Module Quickjs.Unicode

Unicode utilities from QuickJS's libunicode

This module provides Unicode character classification, case conversion, and normalization functions. It uses the same battle-tested Unicode tables as QuickJS's ES2023-compliant JavaScript engine.

Normalization

type normalization =
  1. | NFC
    (*

    Canonical Decomposition, followed by Canonical Composition

    *)
  2. | NFD
    (*

    Canonical Decomposition

    *)
  3. | NFKC
    (*

    Compatibility Decomposition, followed by Canonical Composition

    *)
  4. | NFKD
    (*

    Compatibility Decomposition

    *)

Unicode normalization forms

val normalize : normalization -> string -> string option

normalize form str normalizes a UTF-8 string to the specified form. Returns None on memory allocation failure or invalid input.

Example:

  normalize NFC "café" (* composed form *) normalize NFD
    "café" (* decomposed form *)

Case Conversion

val lowercase : string -> string

lowercase str converts a UTF-8 string to lowercase. Handles Unicode characters like "ÉCOLE" → "école".

val uppercase : string -> string

uppercase str converts a UTF-8 string to uppercase. Handles special cases like "ß" → "SS".

Single Character Operations

val lowercase_char : Uchar.t -> Uchar.t list

lowercase_char c returns the lowercase form of a code point. Returns a list because some characters expand (though lowercase rarely does).

val uppercase_char : Uchar.t -> Uchar.t list

uppercase_char c returns the uppercase form of a code point. Returns a list because some characters expand, e.g., 'ß' → 'S'; 'S'.

Character Classification

val is_cased : Uchar.t -> bool

is_cased c returns true if the character has uppercase/lowercase forms. Examples: 'a', 'A', 'é' are cased; '1', '!' are not.

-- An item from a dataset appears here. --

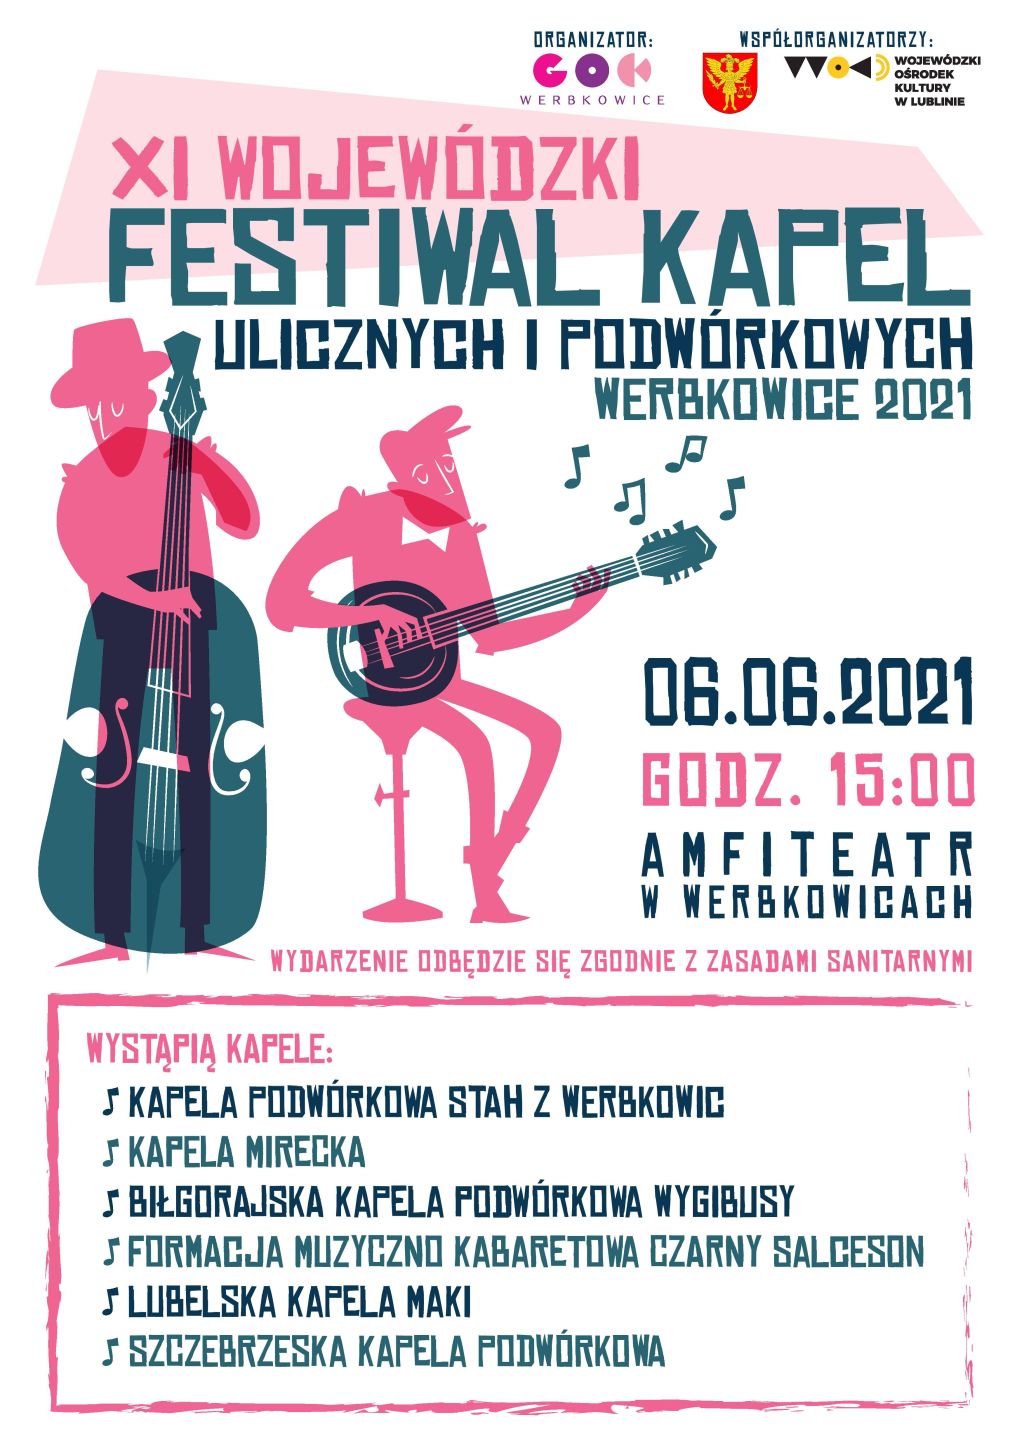 Zapraszamy na XI Wojewódzki Festiwal Kapel Ulicznych i Podwórkowych - Werbkowice 2021

val is_case_ignorable : Uchar.t -> bool

is_case_ignorable c returns true if the character is ignored during case mapping operations (e.g., combining marks).

val is_id_start : Uchar.t -> bool

is_id_start c returns true if the character can start a JavaScript/Unicode identifier (letters, $, _).

val is_id_continue : Uchar.t -> bool

is_id_continue c returns true if the character can continue a JavaScript/Unicode identifier (letters, digits, $, _, combining marks).

val is_whitespace : Uchar.t -> bool

is_whitespace c returns true if the character is Unicode whitespace. Includes ASCII space, tab, newline, and Unicode spaces like U+00A0 (NBSP).

Regex Support

val canonicalize : ?unicode:bool -> Uchar.t -> Uchar.t

canonicalize ?unicode c returns the canonical form of a character for case-insensitive regex matching.

  • unicode: if true (default), use full Unicode case folding; if false, only ASCII case folding.